As I understand them, type systems are used to provide additional layer of information about entities in a program, so that the runtime, or the compiler, or any other piece of machinery, knows what to do with the strings of bits it operates on.
They also help maintain contracts – the compiler (or code analyser, or runtime, or any other program) can verify that at any given point the program operates on values programmers expect it to operate on.

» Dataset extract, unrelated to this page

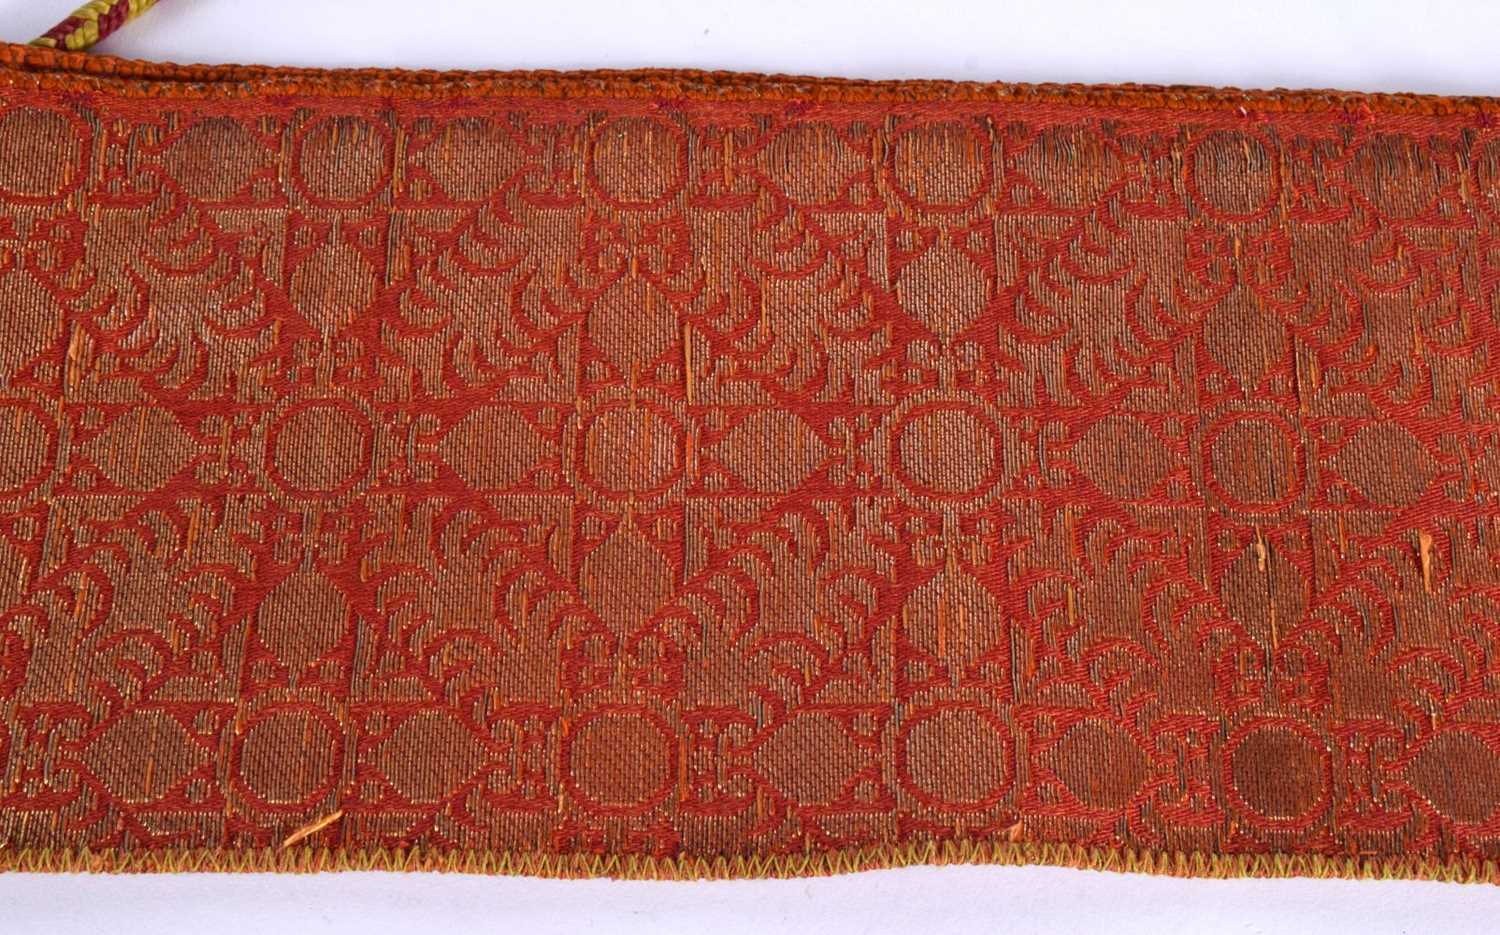 A 19TH CENTURY TURKISH ORANGE AND RED SILK EMBROIDERED BELT decorated with gold motifs. 280 cm - Image 8 of 8

Types can also be used to provide information to those human programmers.
For example, I find this declaration:

function sqrt(double n) -> double;

more useful than this one

sqrt(n)

The former gives plenty of information: that the sqrt identifier is a function, takes a single double as input, and produces another double as output.
The latter tells you that it is probably a function taking a single parameter.

My answer

So, after being asked "What is your type system for?" I answered as follows:

The type system is dynamic (types are assigned to values, not to variables holding them), but strong without surprising coercion rules (you can't add string to integer as they represent incompatible types, but you can add integer to floating point number).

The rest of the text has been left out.